**What needs to be done**
Your answer must be an exact copy of the listing, with the images left out.

**Recorded information**
# # # # # # #

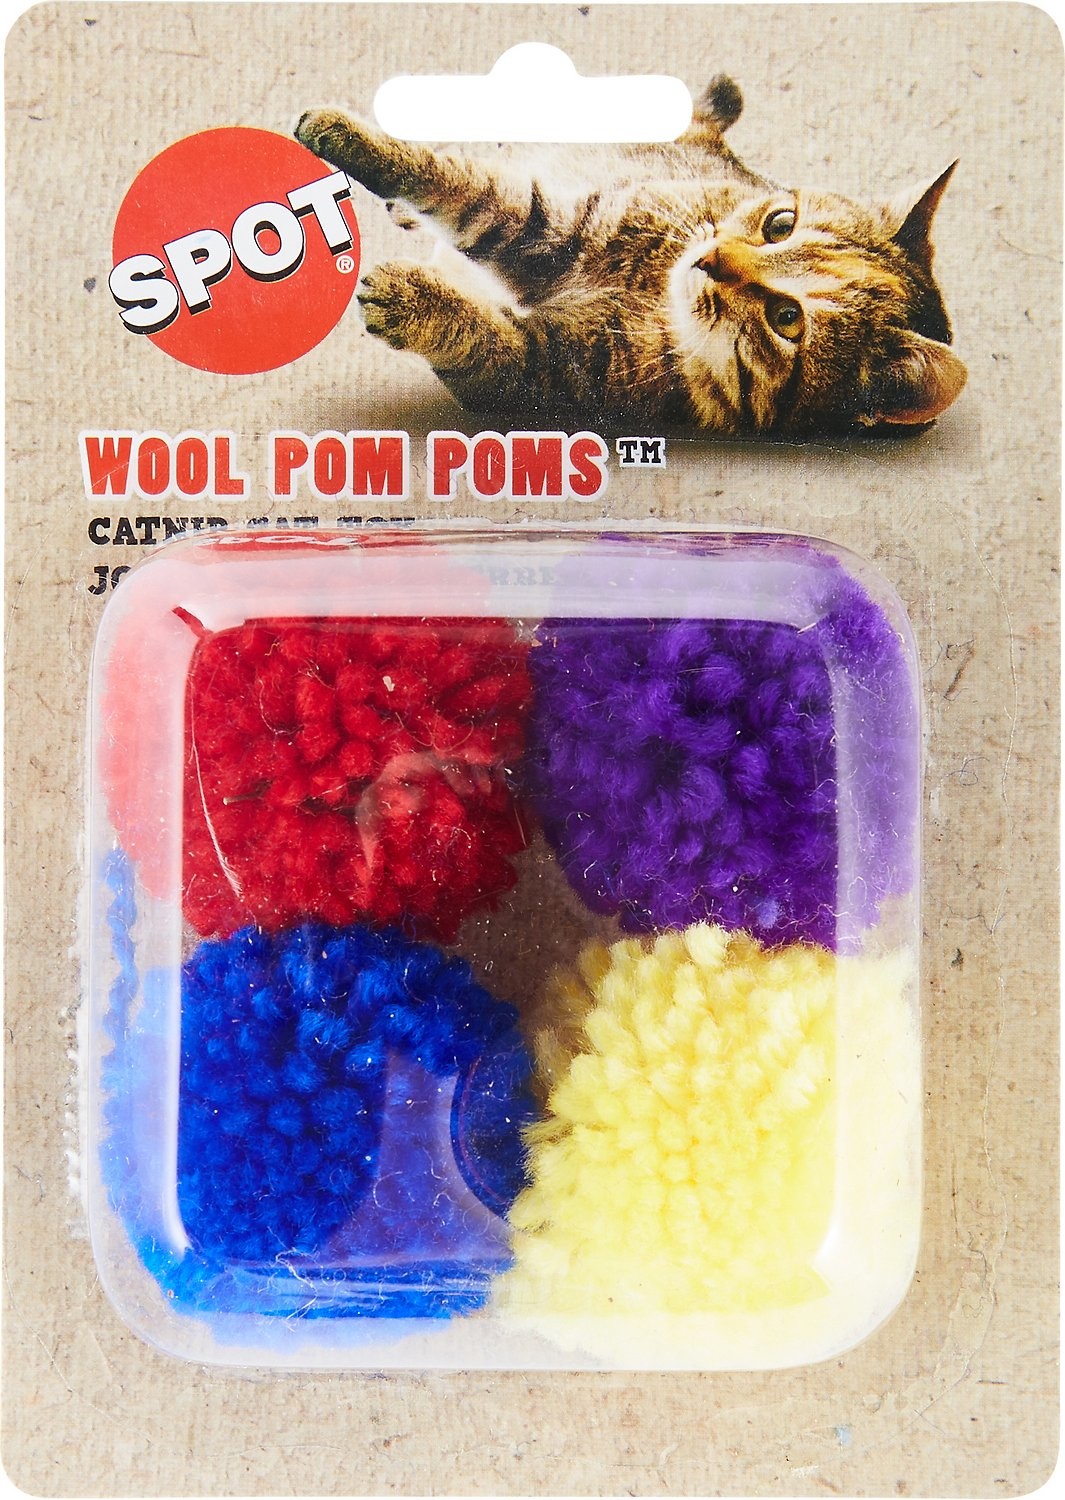 Spot Spotnips Catnip Toy, Wool Pom Poms with Catnip - 4 each
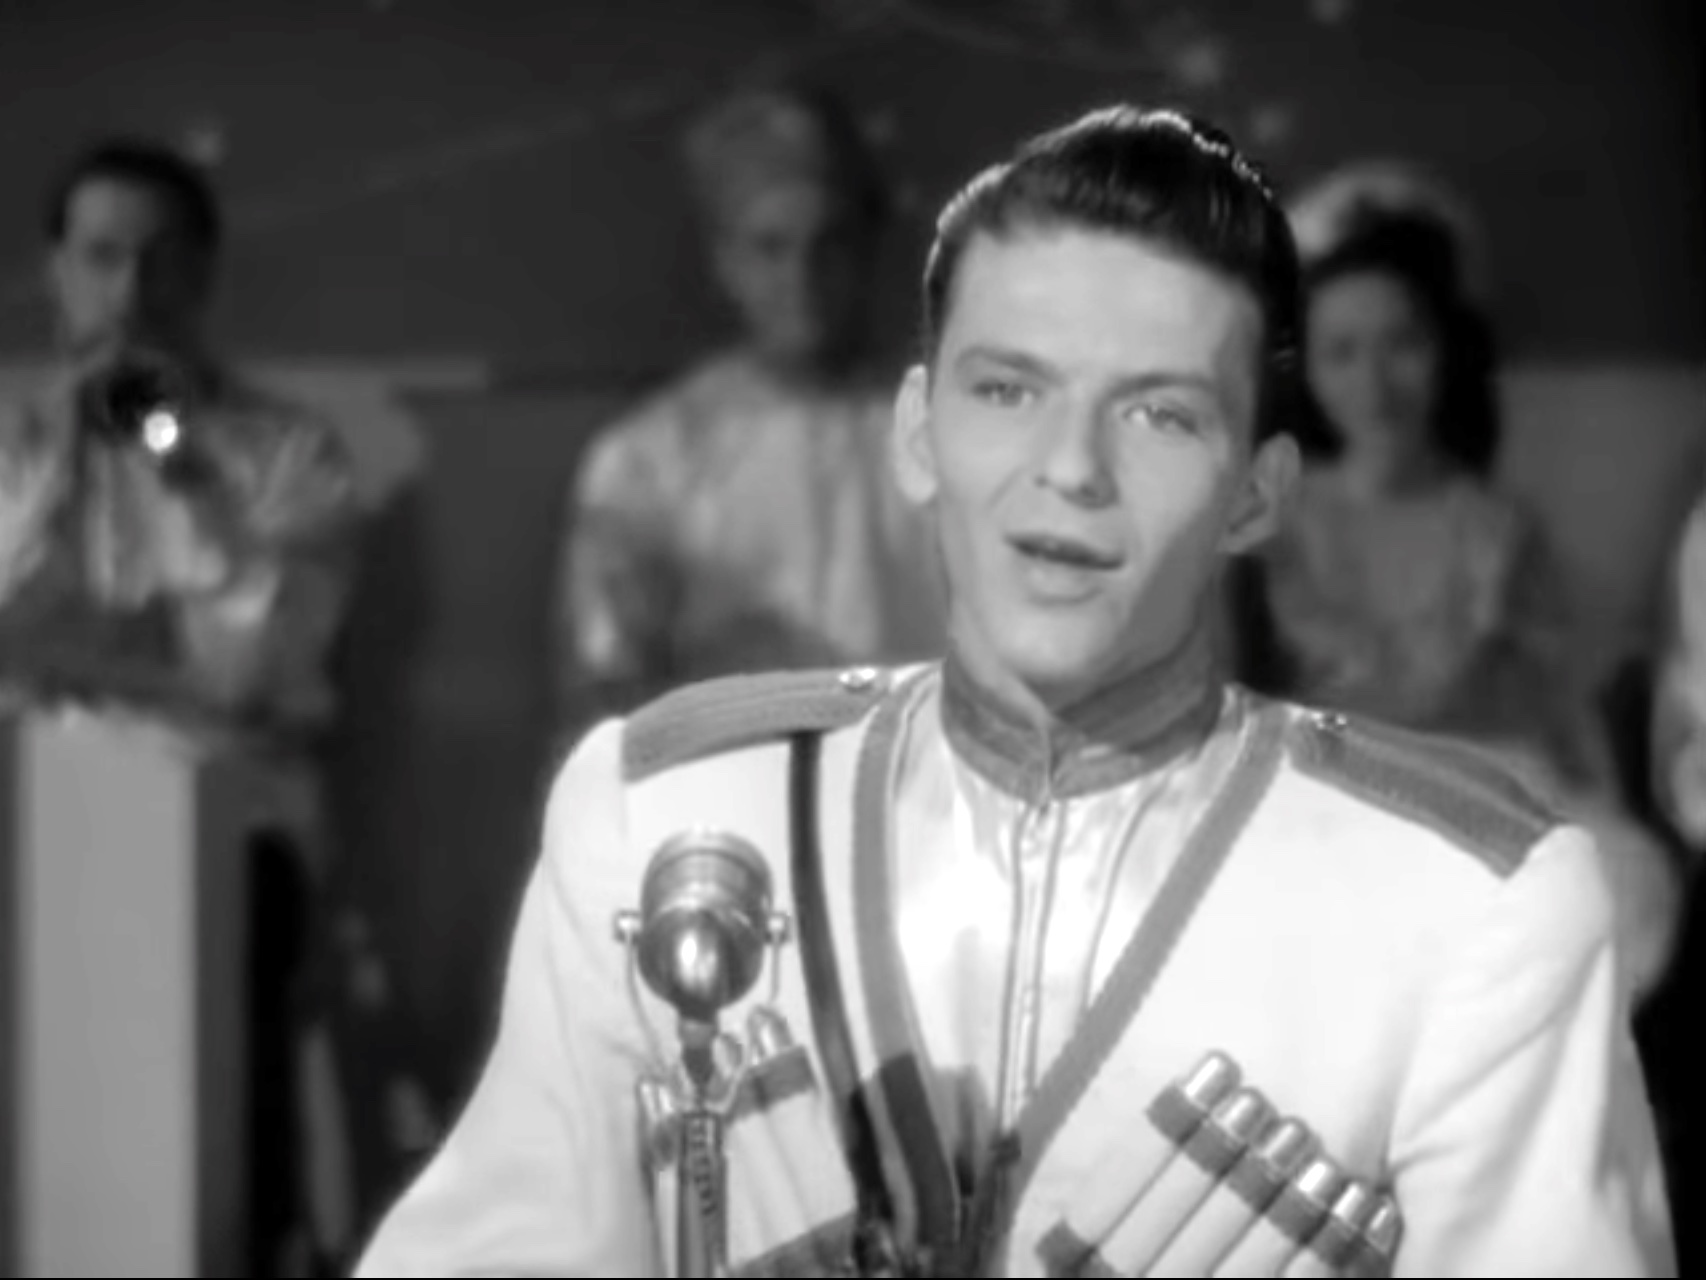 Poor You lyrics - music by Burton Lane, lyrics by E.Y. Harburg, sung in Ship Ahoy by Frank Sinatra
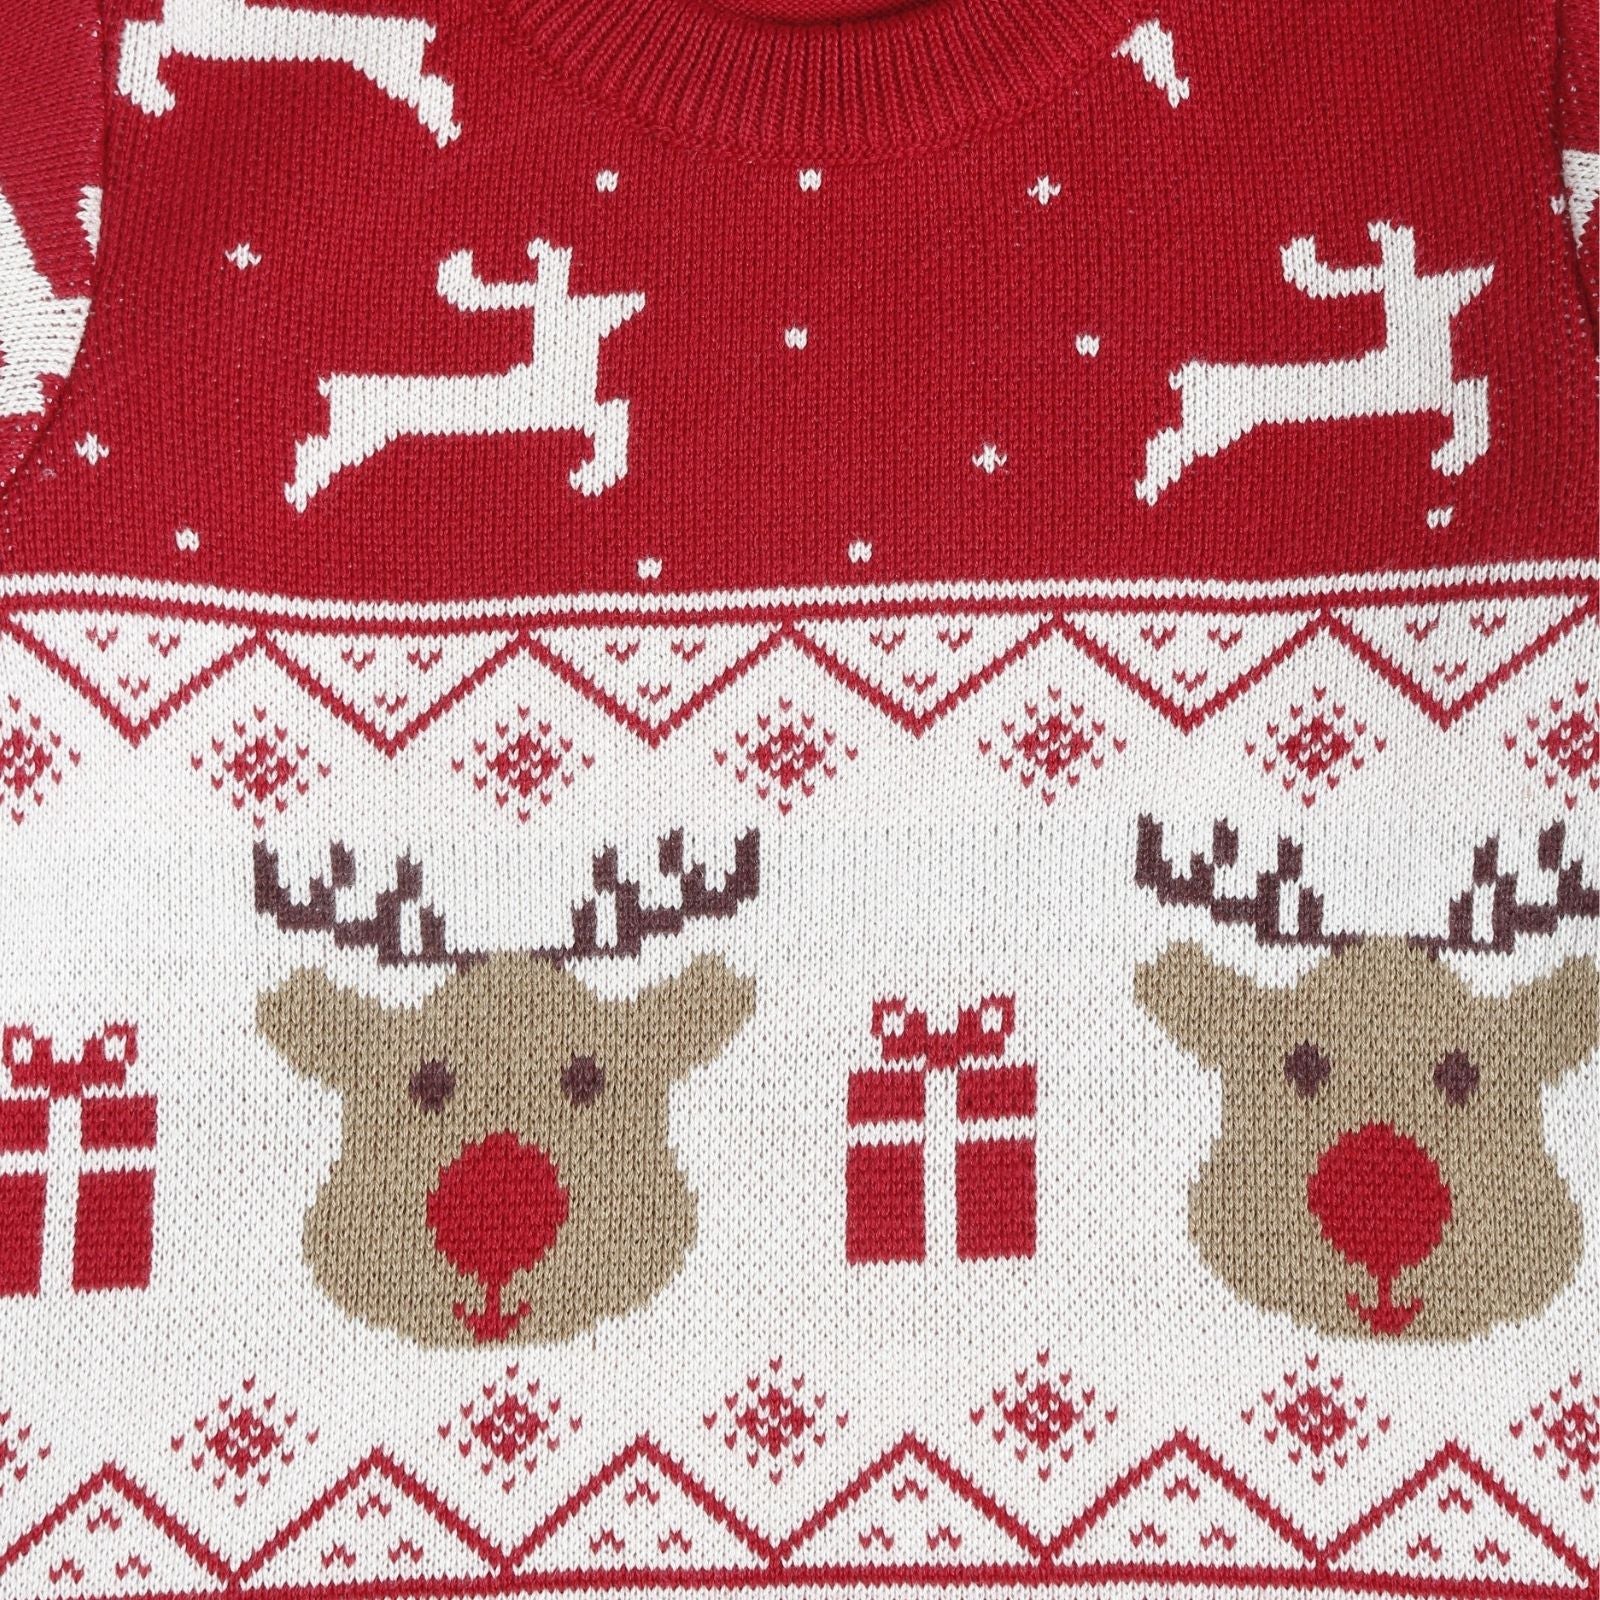 Greendeer Jaunty Reindeer & Joyful Reindeer 100% Cotton Sweater with Lower Set of 3

# # # # # # #

**Response area**
 Spot Spotnips Catnip Toy, Wool Pom Poms with Catnip - 4 each
 Poor You lyrics - music by Burton Lane, lyrics by E.Y. Harburg, sung in Ship Ahoy by Frank Sinatra
 Greendeer Jaunty Reindeer & Joyful Reindeer 100% Cotton Sweater with Lower Set of 3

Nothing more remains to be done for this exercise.